Dear Steve, On Thu, 19 Jan 2012 15:18:55 -0700, Steve Spicklemire <[email protected]> wrote: > First, thanks much for your reply. I tried the luxury dial.. (set it > to zero) and got a factor of 3 speedup! So that's encouraging. My > comparison is a similar approach with weave.inline, not threaded, all [ 22 more citation lines. Click/Enter to show. ] > CPU giving me 10**8 x,y pairs and computing pi in more like 2.8 > seconds wall time. > > <http://spvi.com/files/weave-monte-carlo> > > <http://spvi.com/files/weave-mc-time> > > I guess I was hoping for a significant speedup going to a GPU > approach. (note I'm naturally uninterested in the actual value of pi! > I'm just trying to figure out how to get results out of a GPU. I'm > building a small cluster with 6 baby GPUs and I'd like to get smart > about making use of the resource) > > I'm also a little worried about the warning I'm getting about "can't > query SMD group size". Looking at the source it appears the platform > is returning "Apple" as a vendor, and that case is not treated in the > code that checks.. so it just returns None.

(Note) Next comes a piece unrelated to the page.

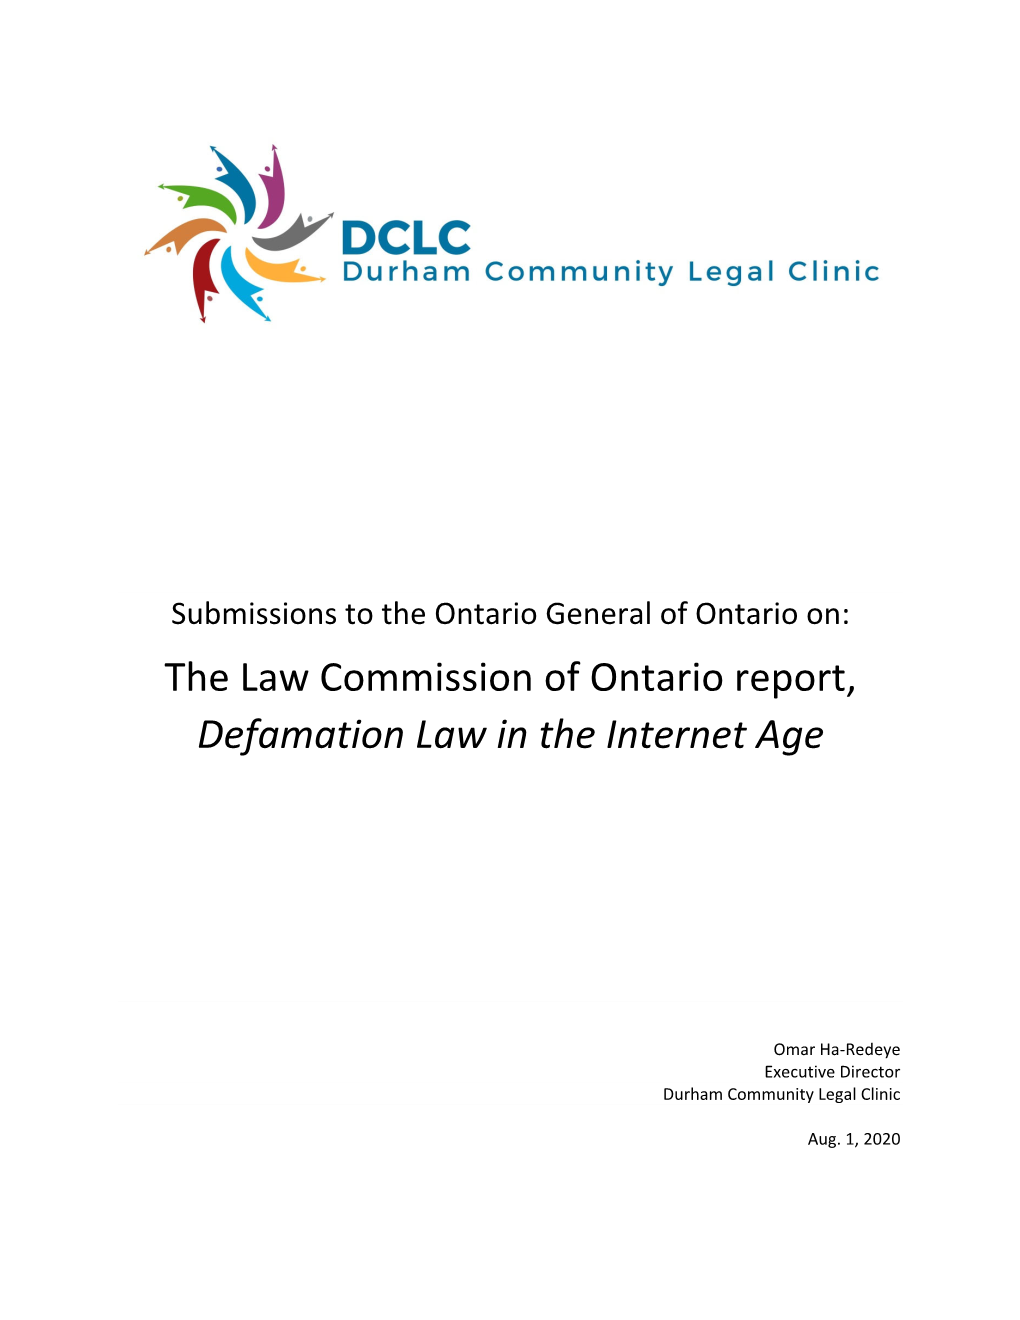 The Law Commission of Ontario Report, Defamation Law in the Internet Age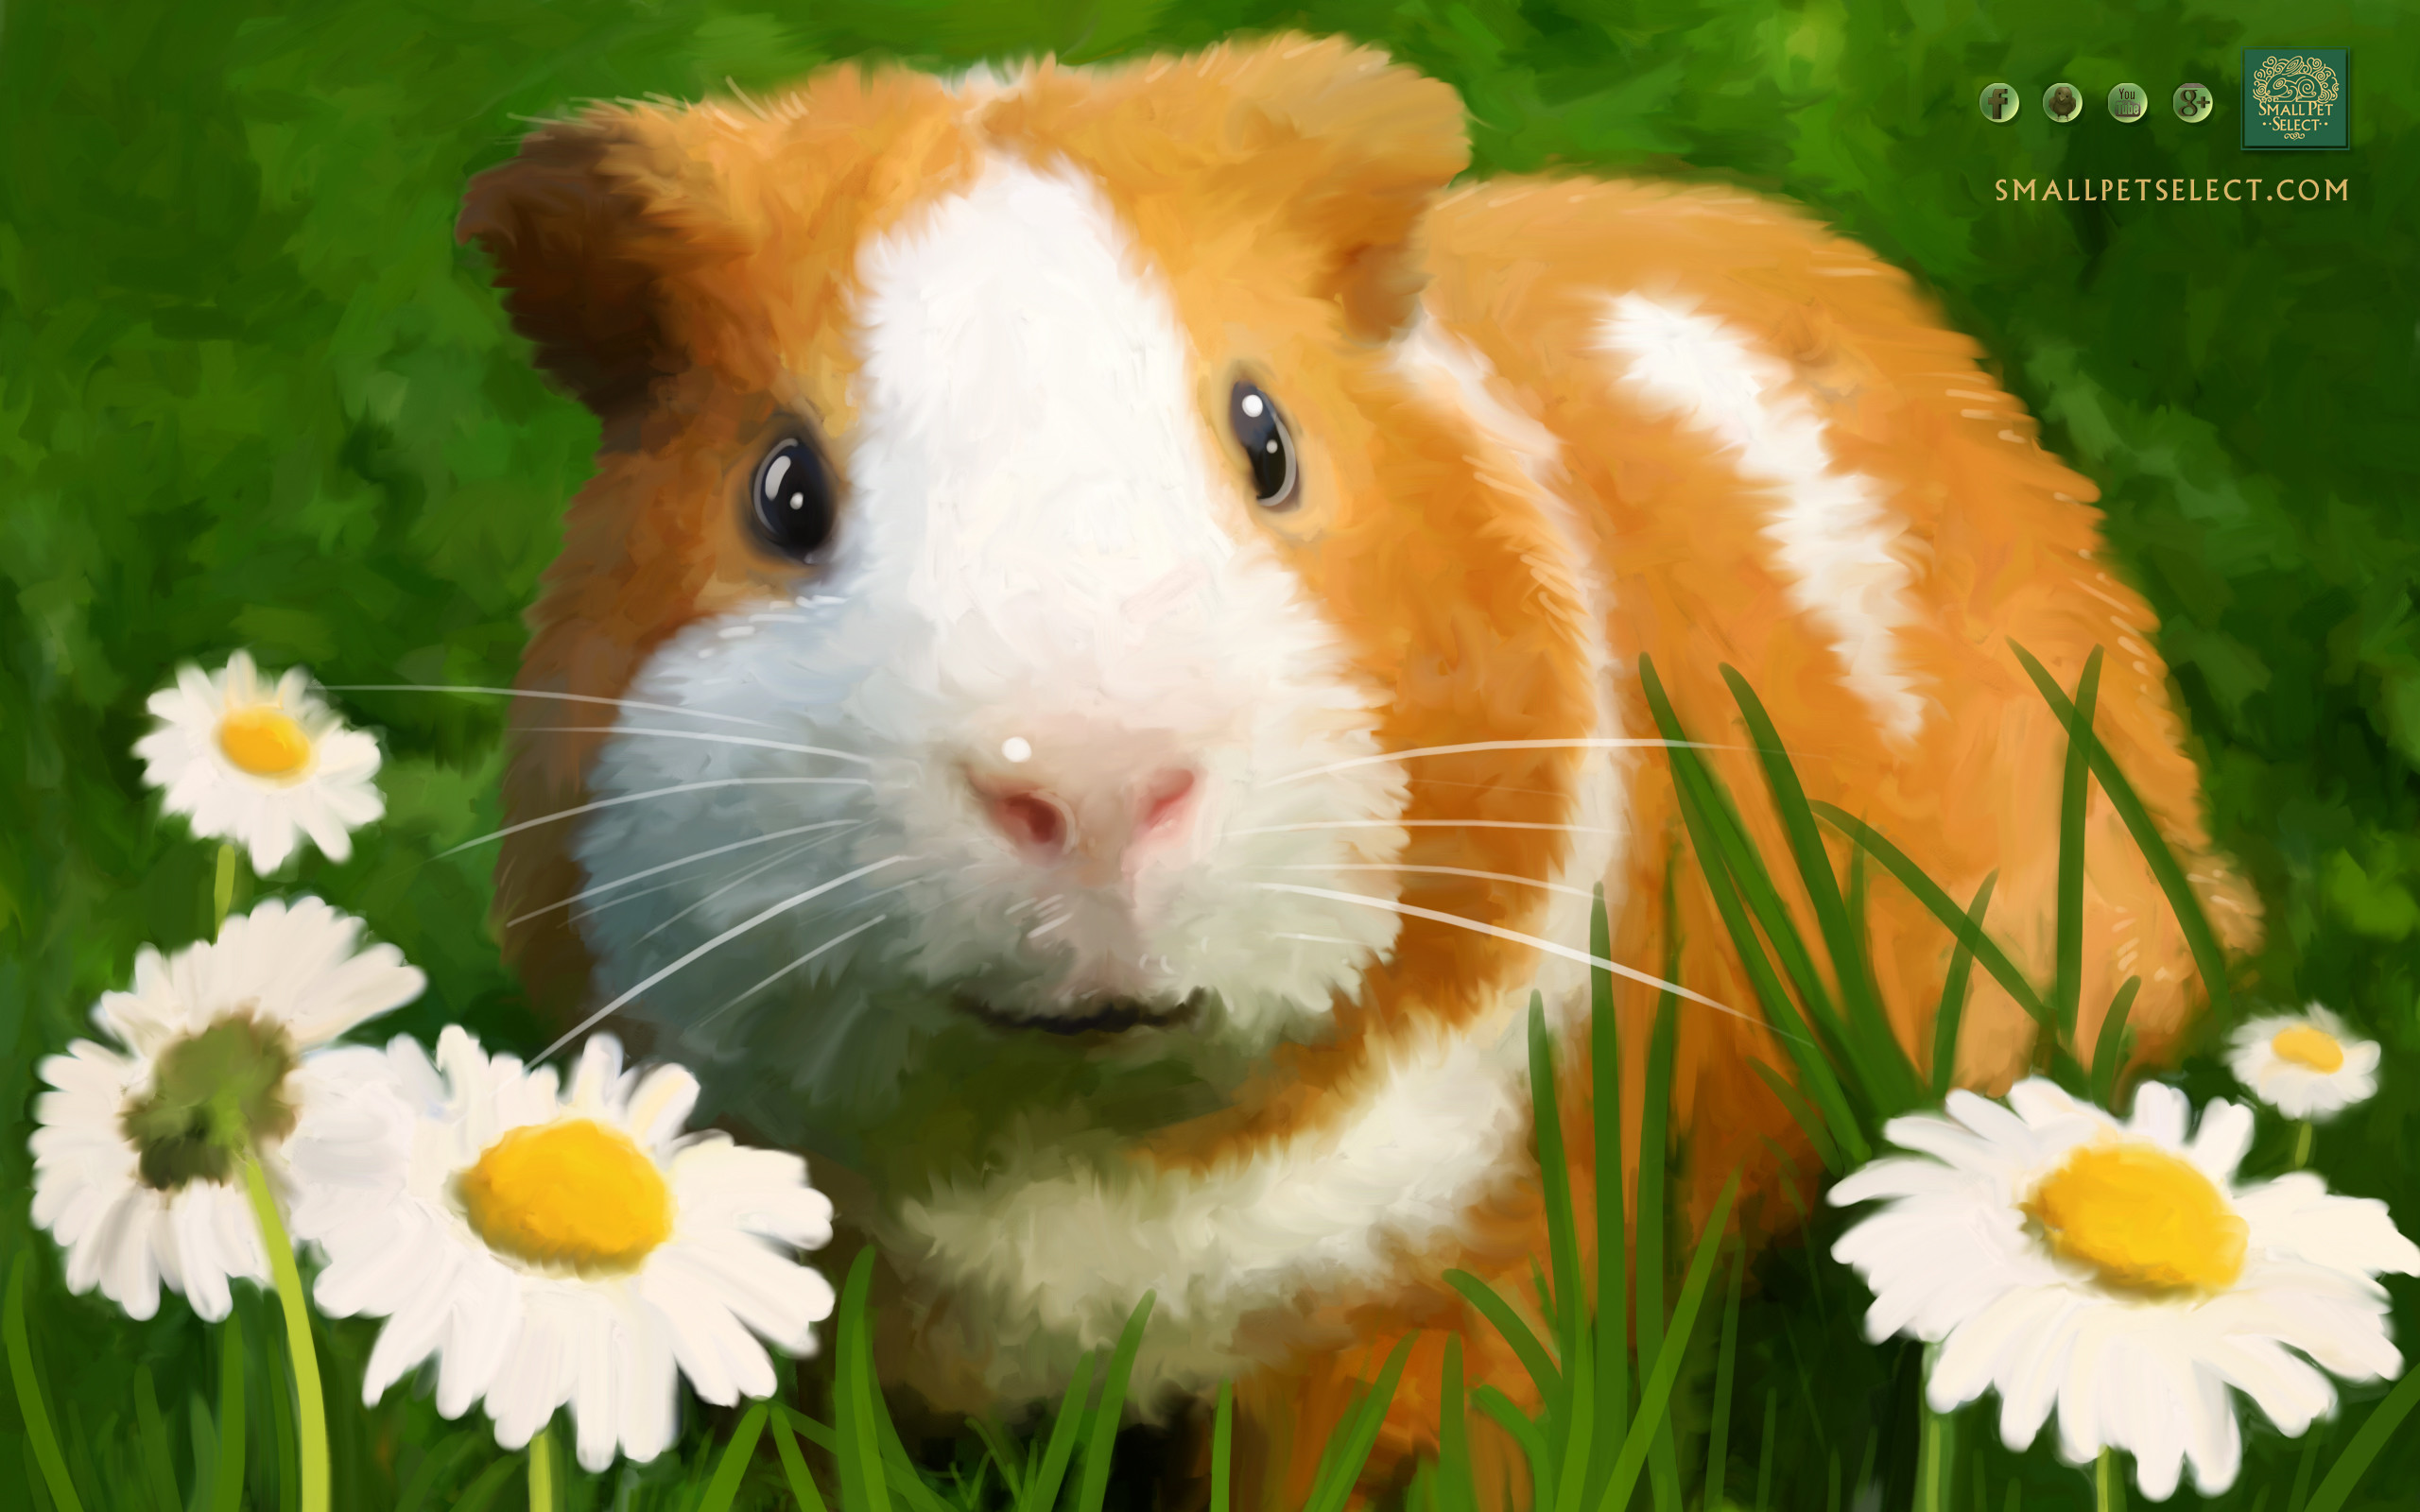 2560x1600 Guinea Pig Wallpaper - Screensaver for your PC, MAC, Ipad & cell phone

When I run > 'dump_properties' I see that the max group size is pretty big! > > <http://spvi.com/files/pyopencl-mc-lux0-time> > > Anyway.. I'll try your idea of using enqueue_marker to try to track > down what's really taking the time. (I guess 60% of it *was* > generating excessivly luxurious random numbers!) But I still feel I > should be able to beat the CPU by quite a lot.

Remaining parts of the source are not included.